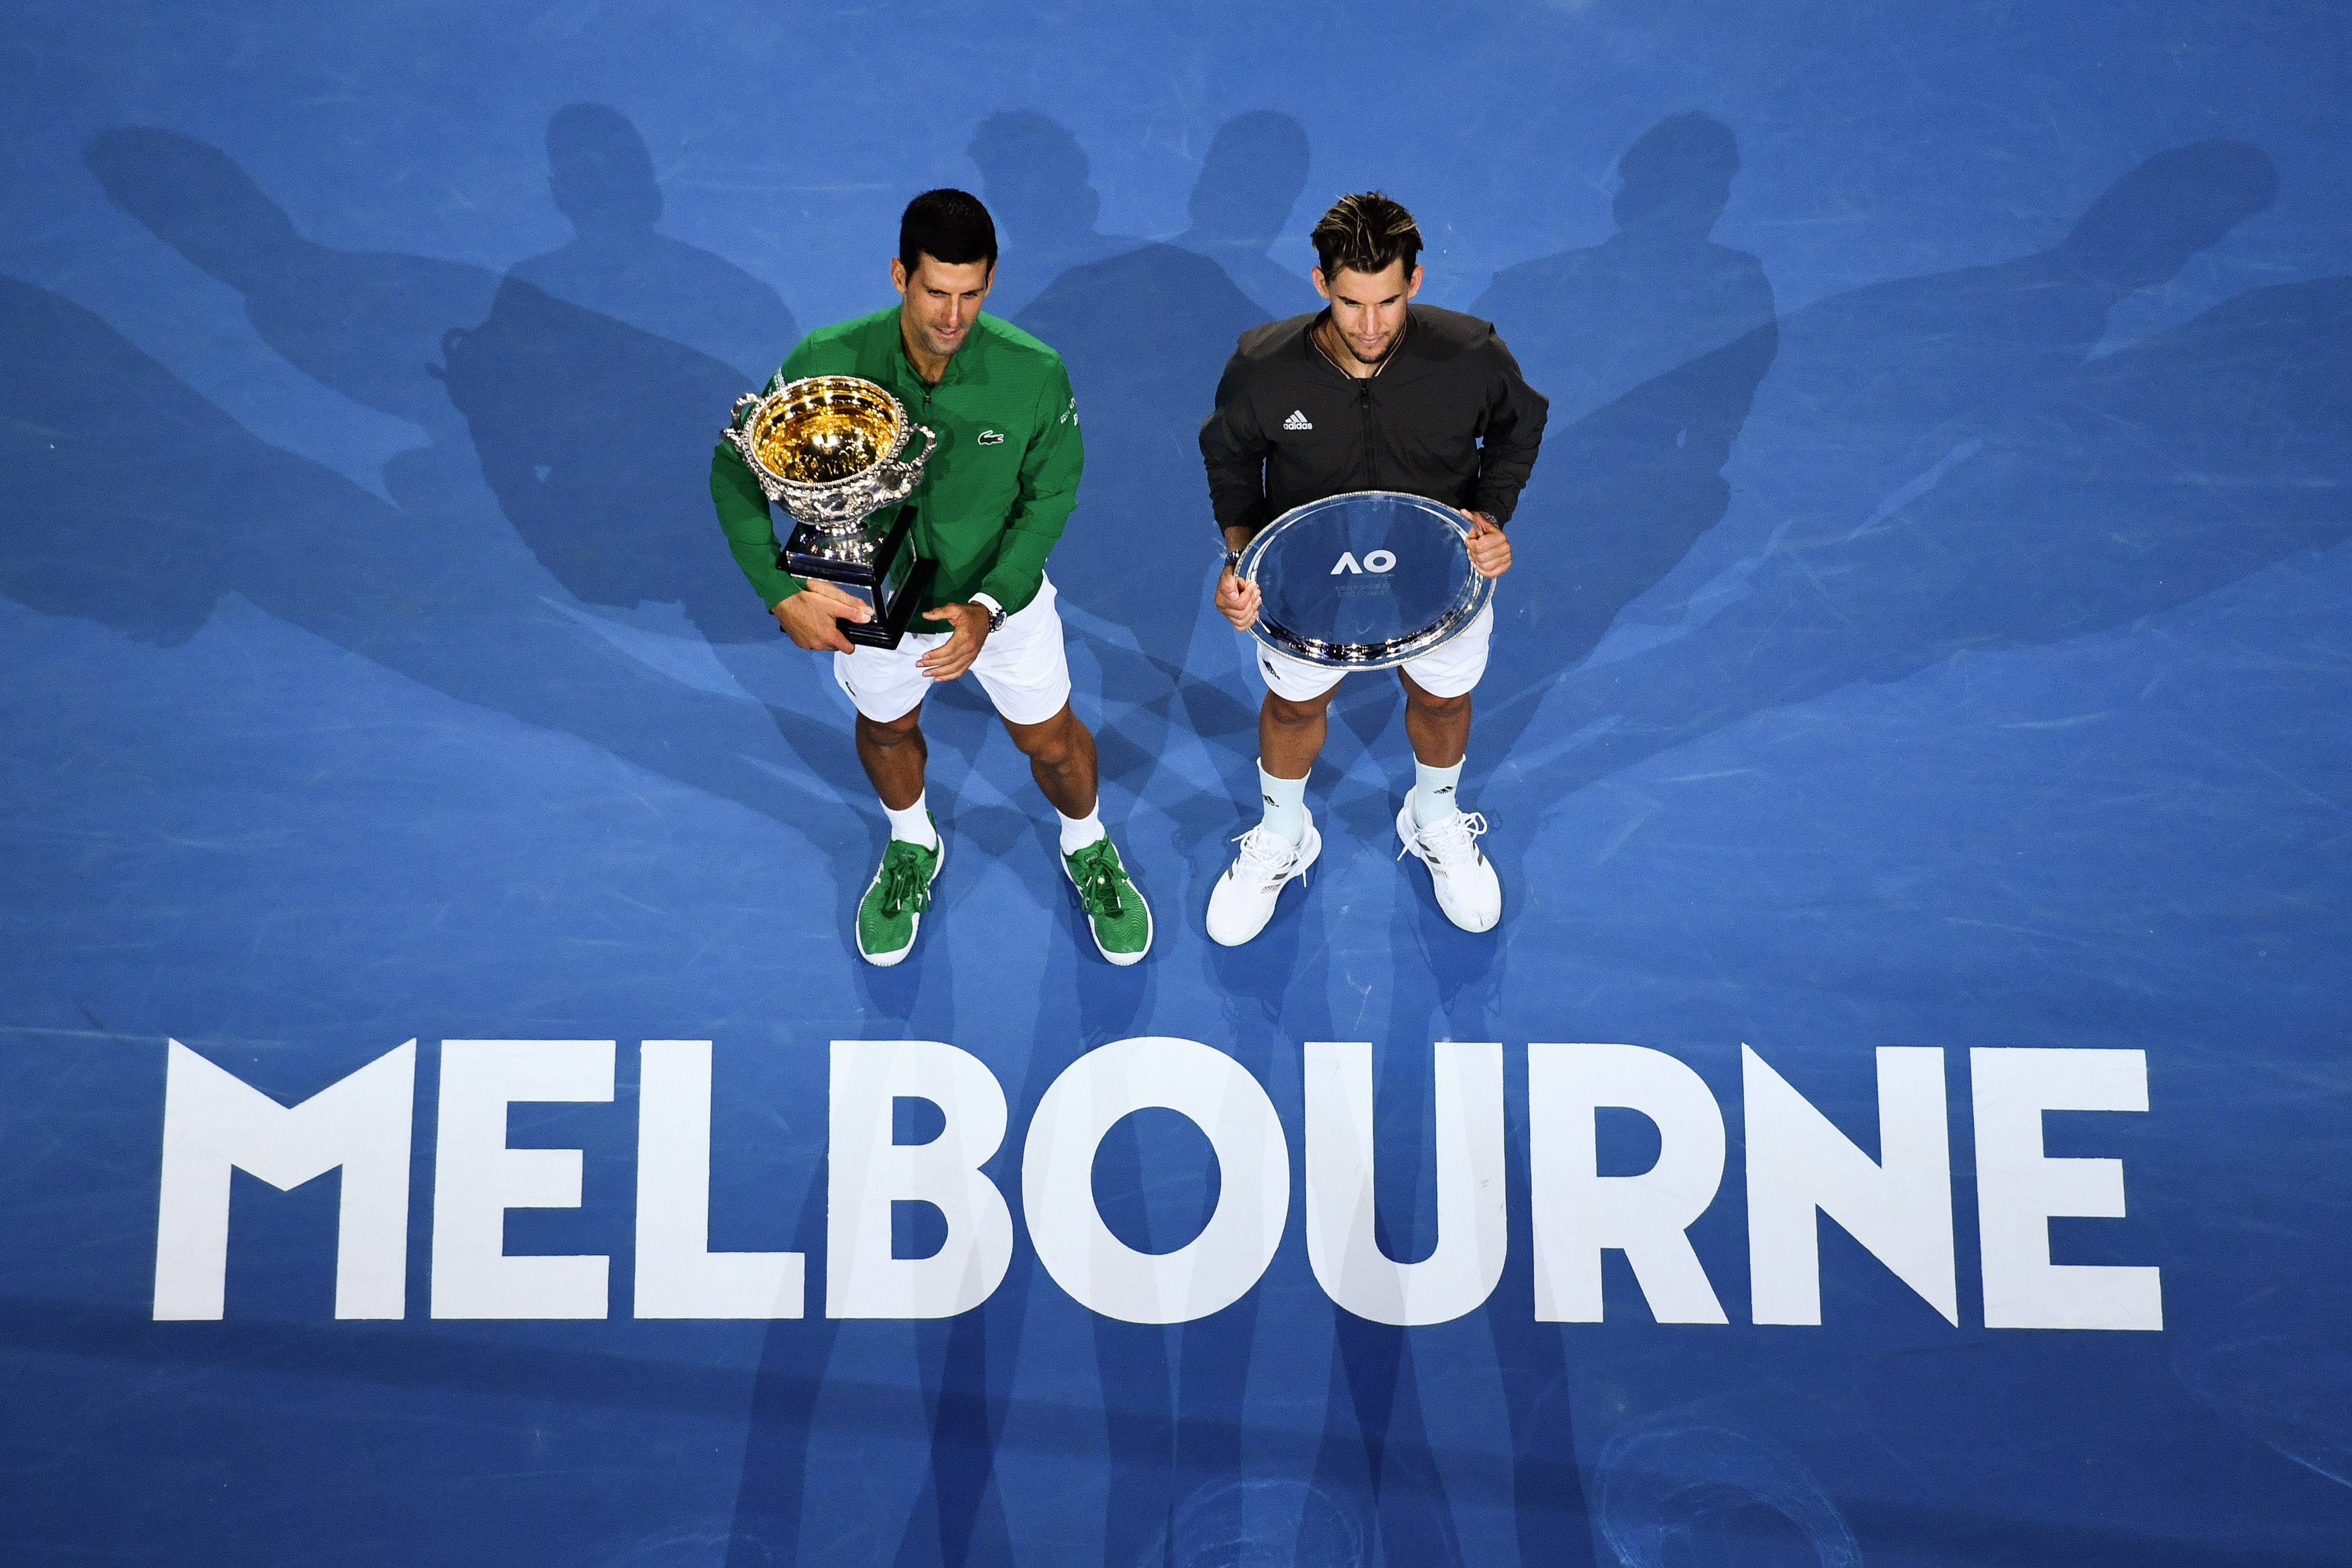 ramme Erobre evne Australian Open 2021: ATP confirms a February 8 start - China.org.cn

***

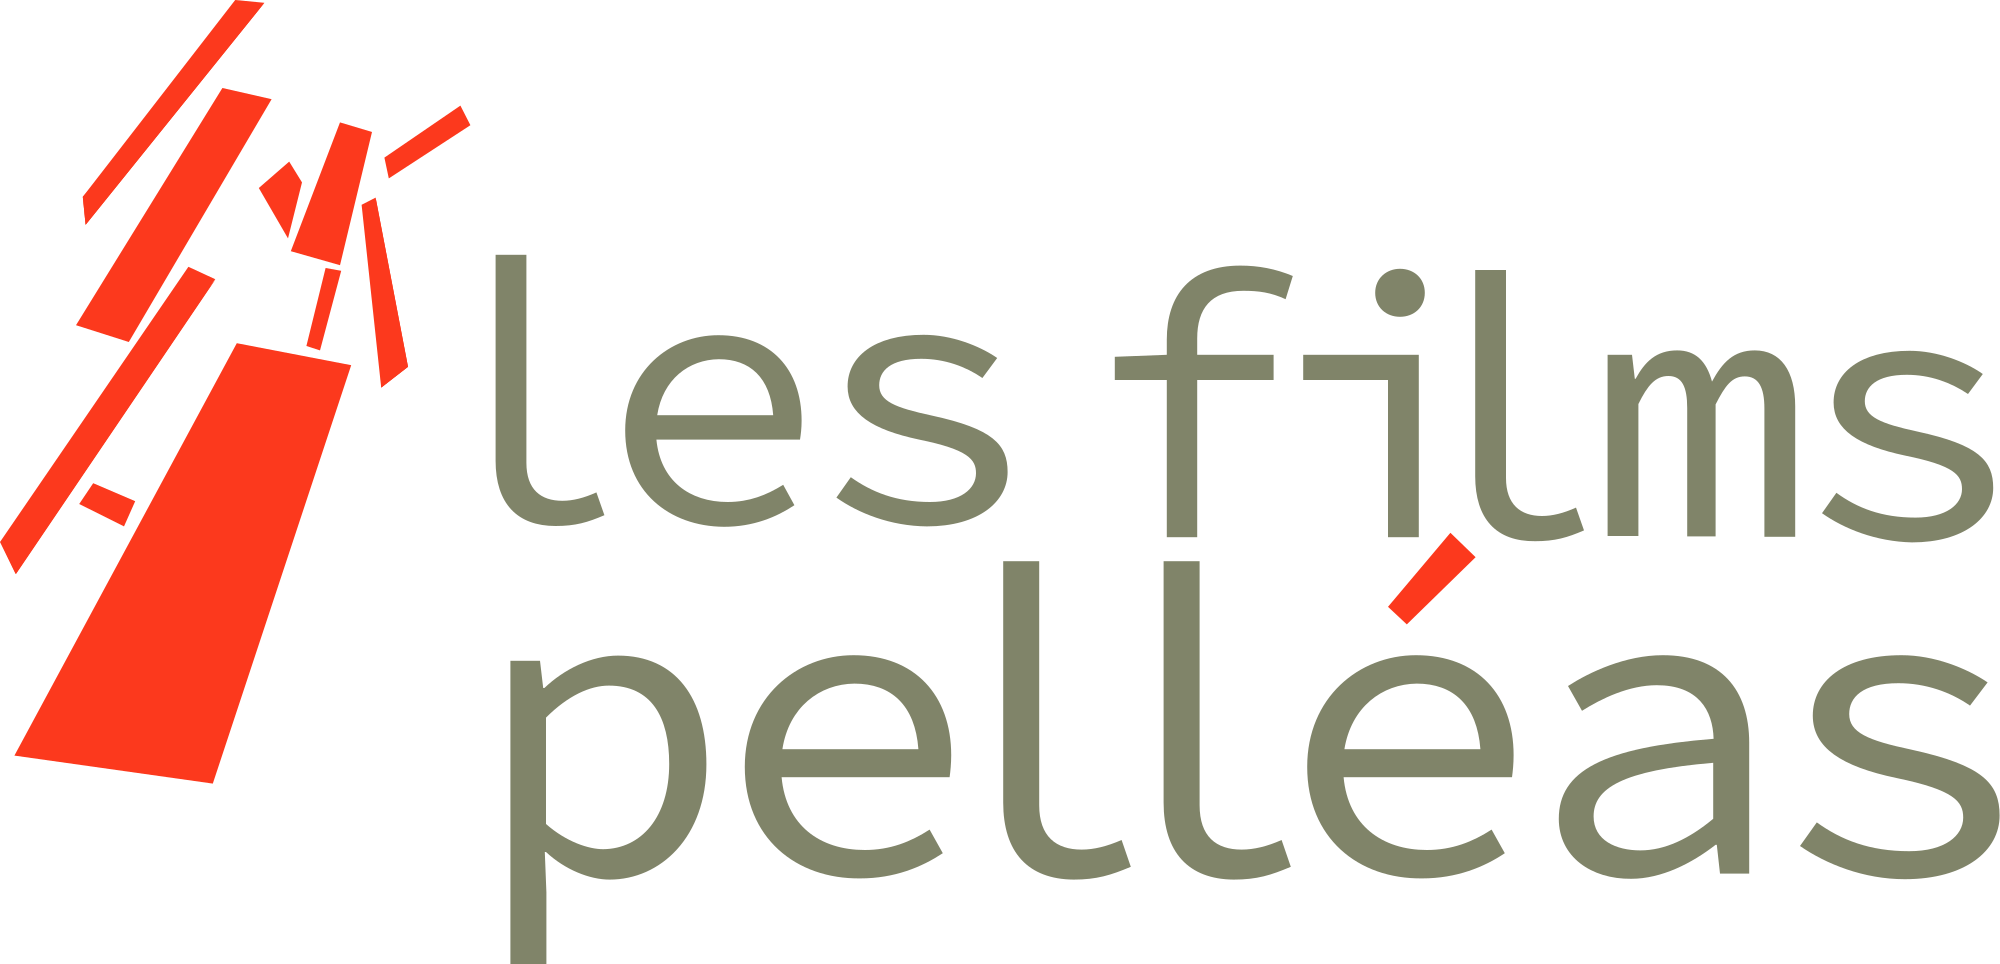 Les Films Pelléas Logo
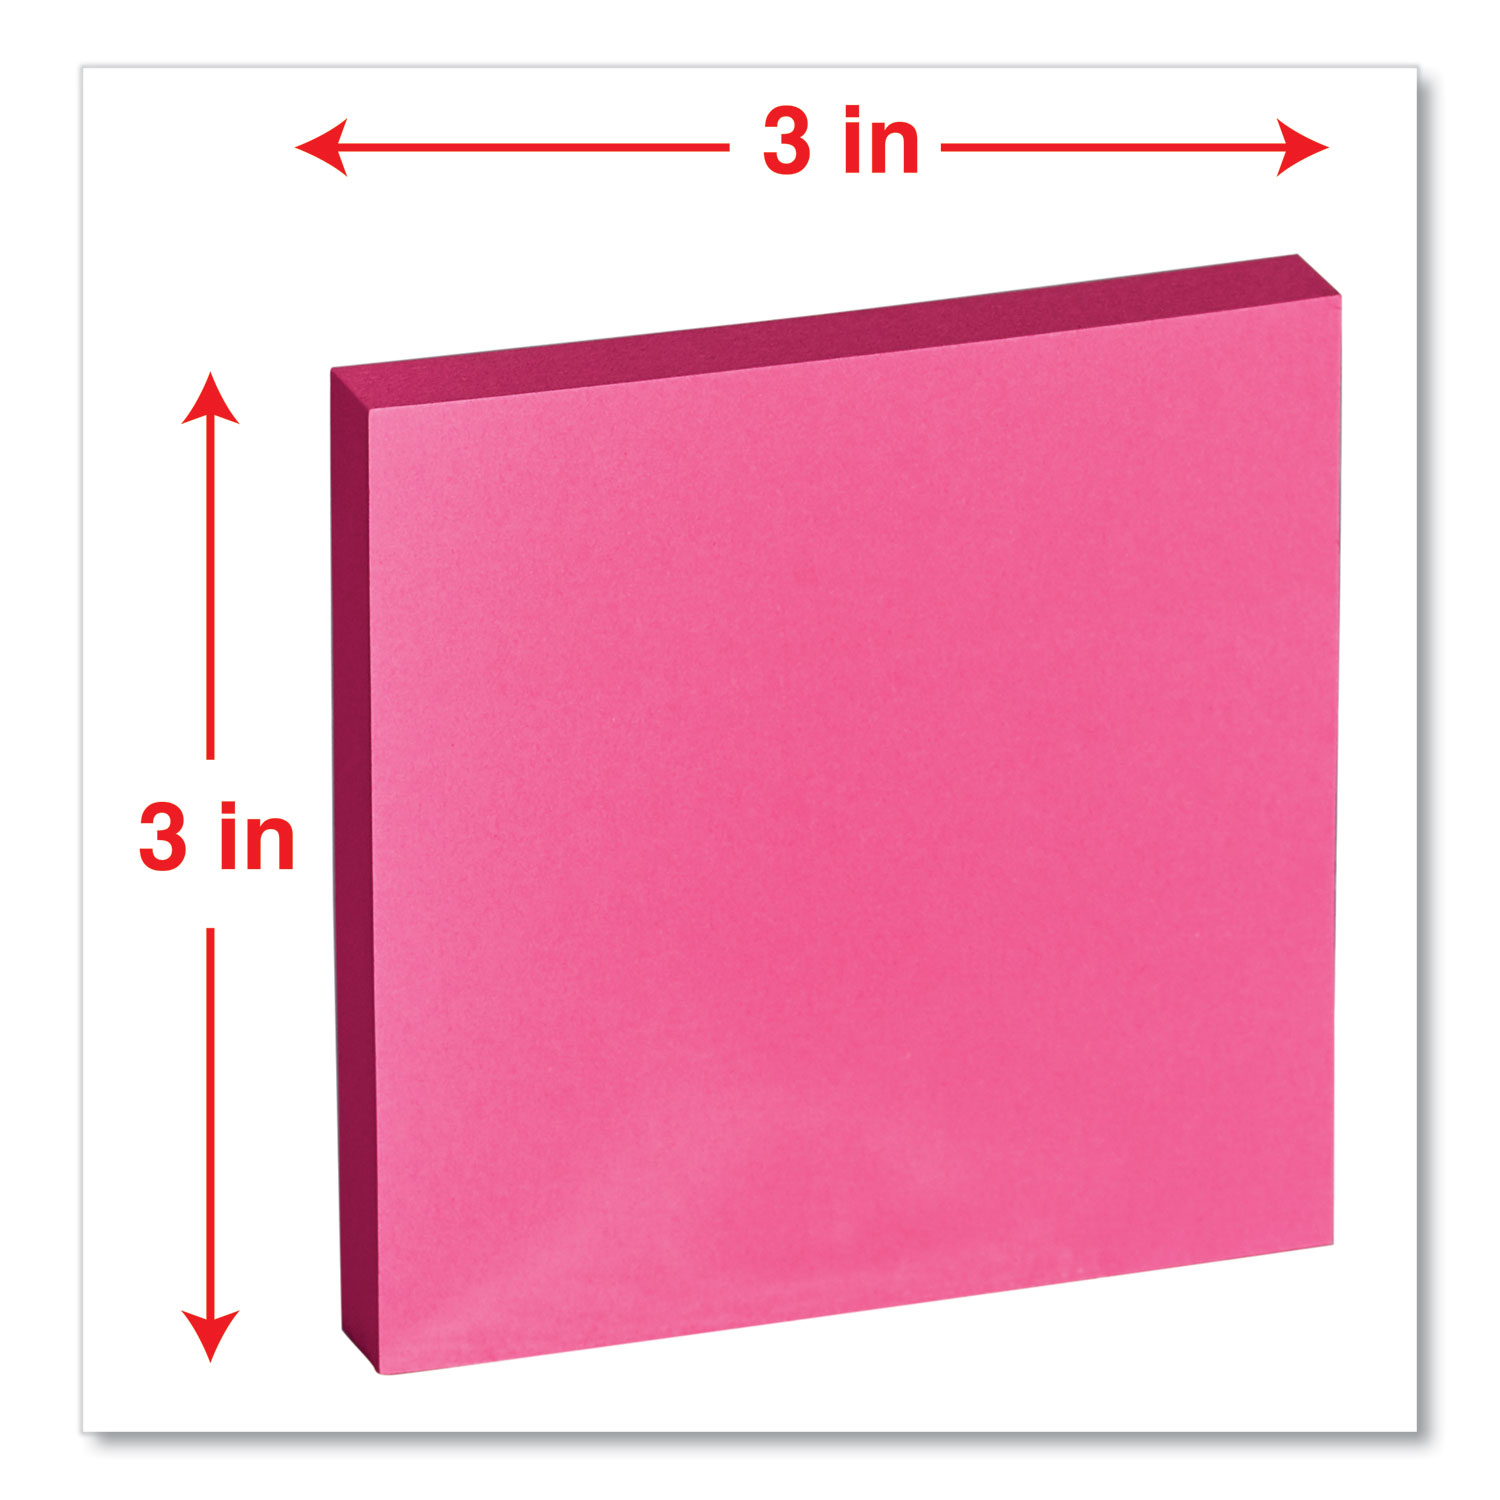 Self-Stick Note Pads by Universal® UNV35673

***

#### [About this task]
In the records above, find the line with "Les Films Pelléas Logo" and the line with "Self-Stick Note Pads by Universal® UNV35673". Write out exactly those lines and every one between, with no pictures and no other lines.

#### [The completed task]
 Les Films Pelléas Logo
 Self-Stick Note Pads by Universal® UNV35673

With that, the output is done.